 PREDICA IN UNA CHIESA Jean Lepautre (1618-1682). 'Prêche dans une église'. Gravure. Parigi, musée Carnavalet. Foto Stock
==
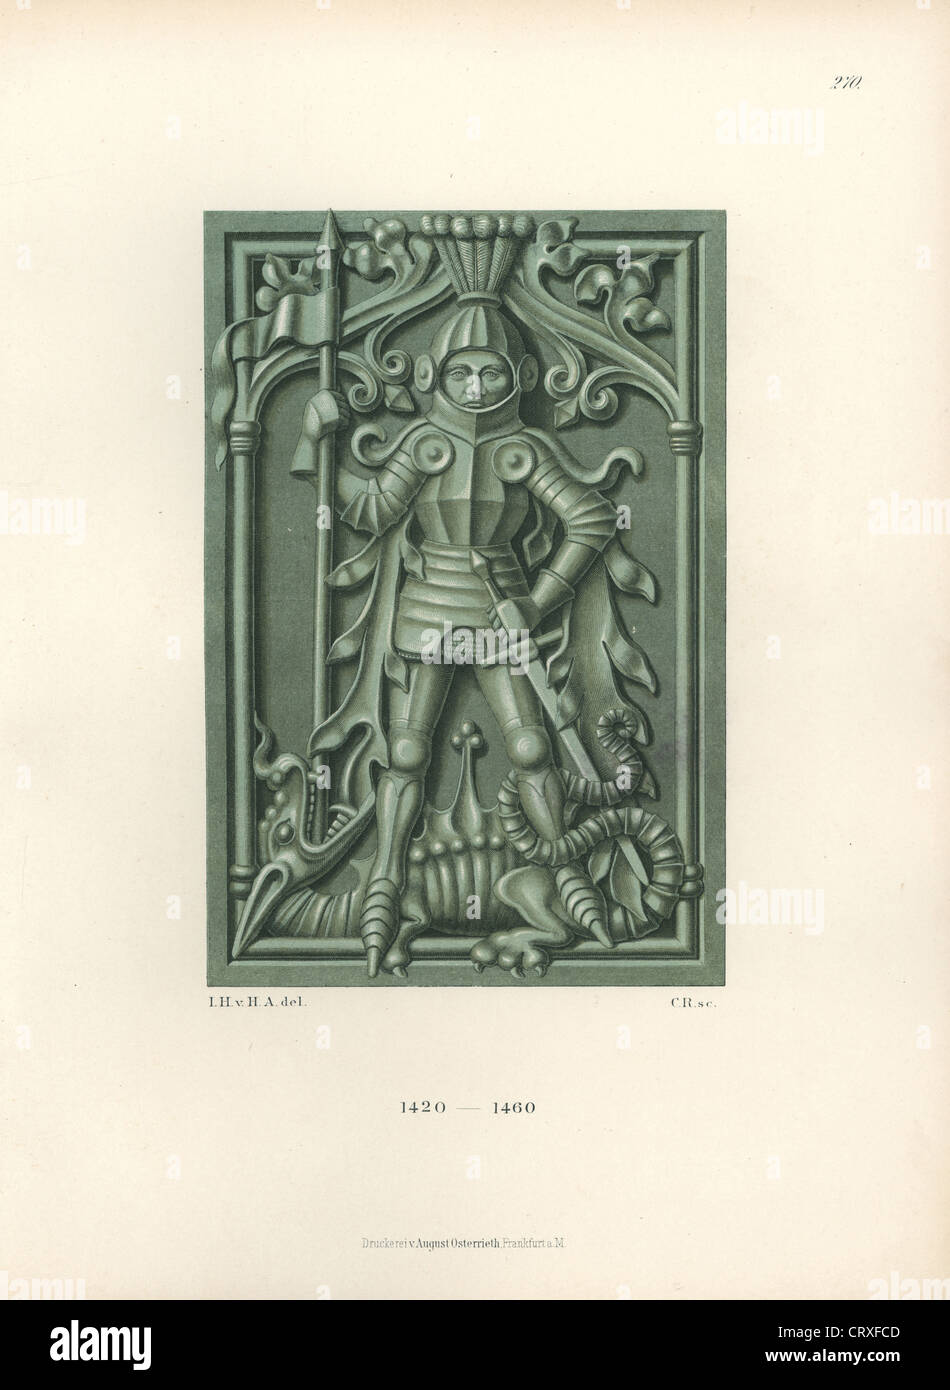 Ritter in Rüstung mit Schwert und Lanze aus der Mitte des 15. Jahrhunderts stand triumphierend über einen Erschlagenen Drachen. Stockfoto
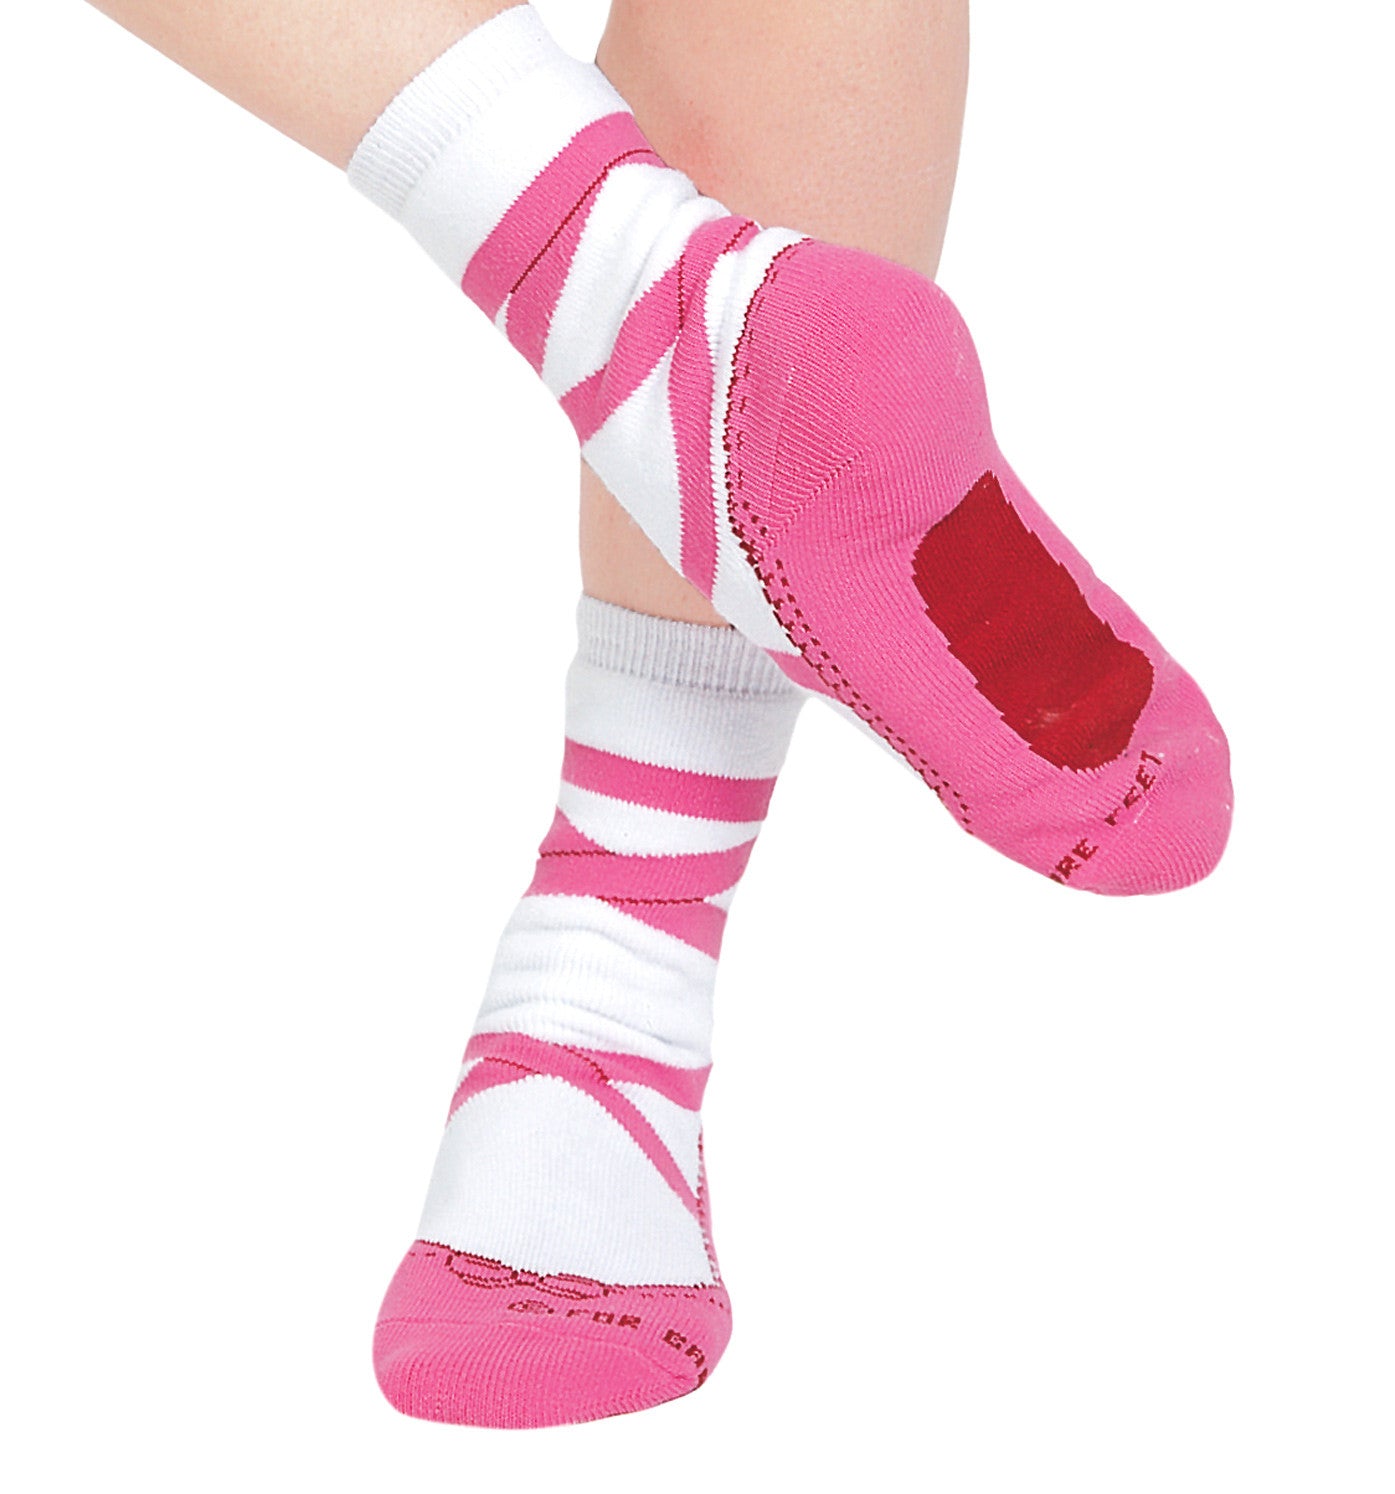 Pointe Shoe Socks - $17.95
==
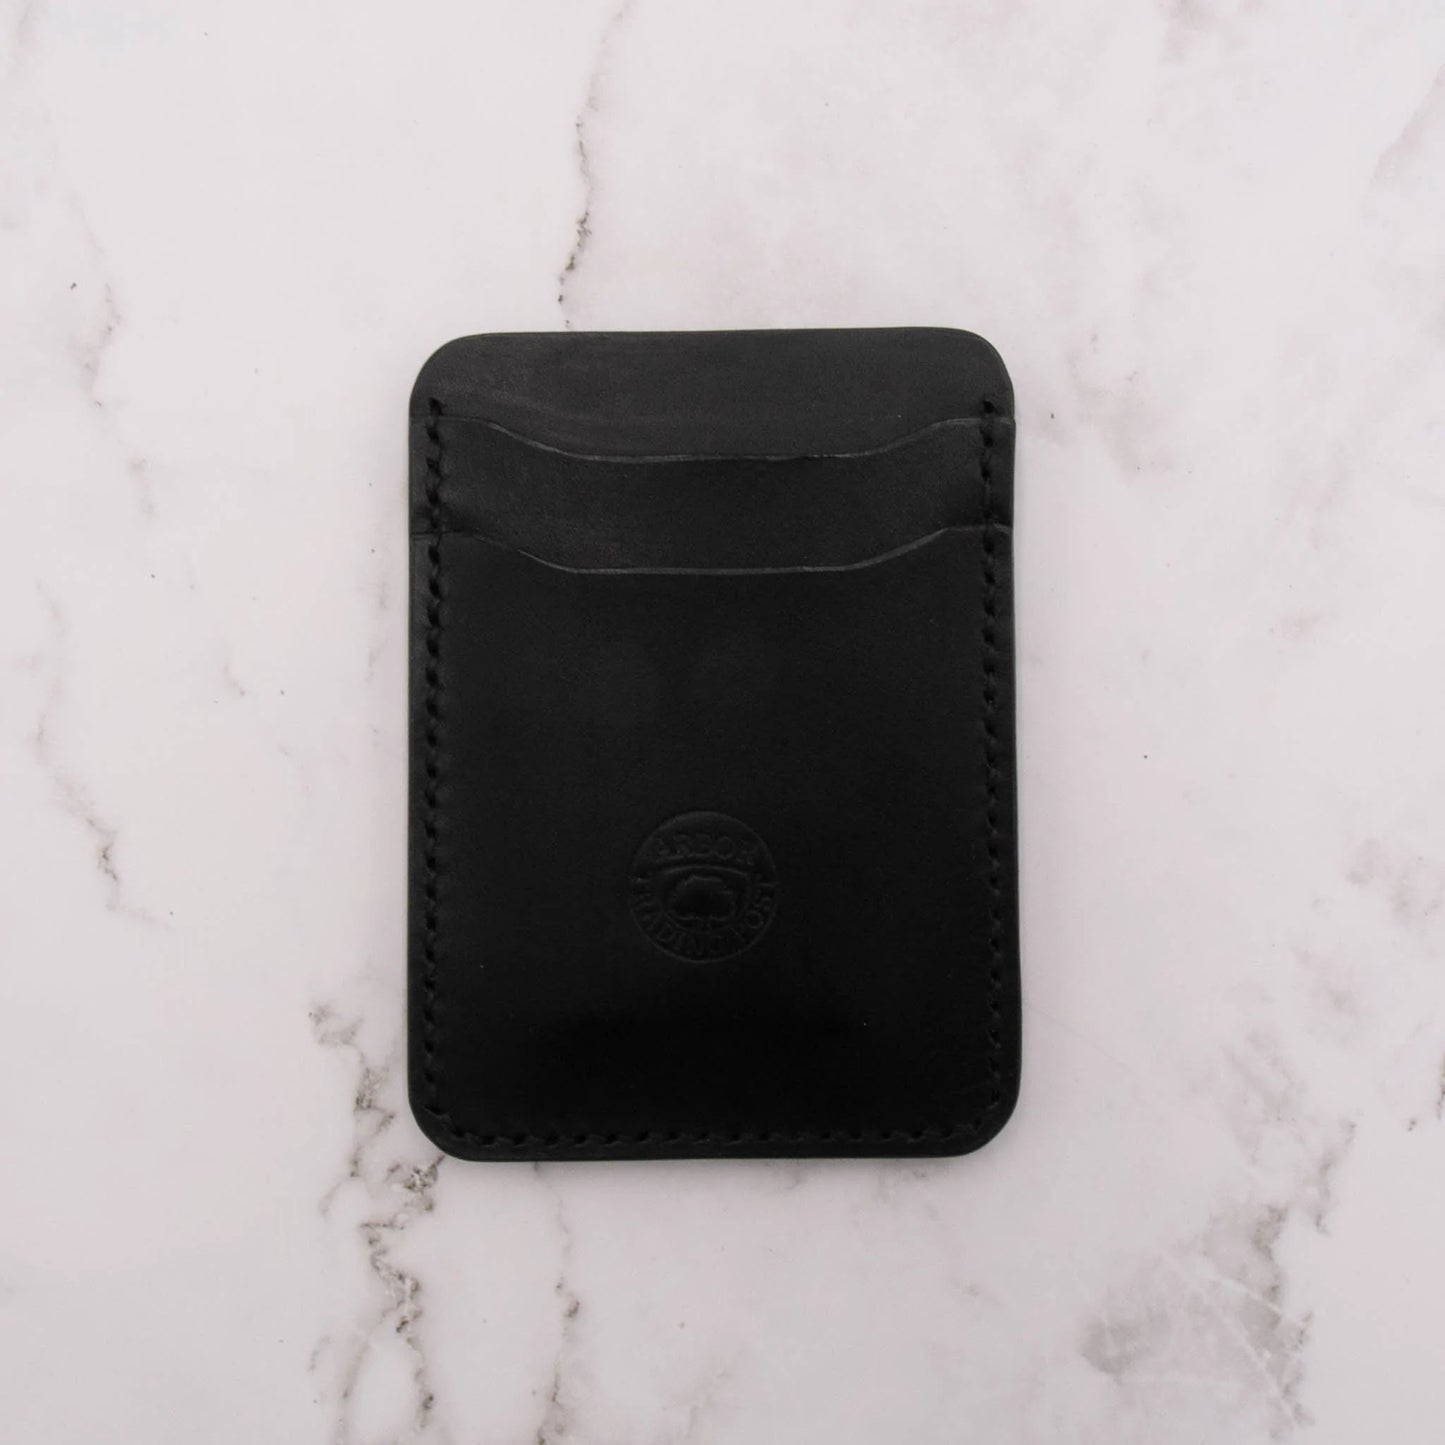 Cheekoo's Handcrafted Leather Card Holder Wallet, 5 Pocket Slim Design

Exercise
Print nothing but the lines above starting with the line that contains "Ritter in Rüstung" and going on through the line that contains "Pointe Shoe Socks - $17.95". Leave out the pictures.

Problem solution
 Ritter in Rüstung mit Schwert und Lanze aus der Mitte des 15. Jahrhunderts stand triumphierend über einen Erschlagenen Drachen. Stockfoto
 Pointe Shoe Socks - $17.95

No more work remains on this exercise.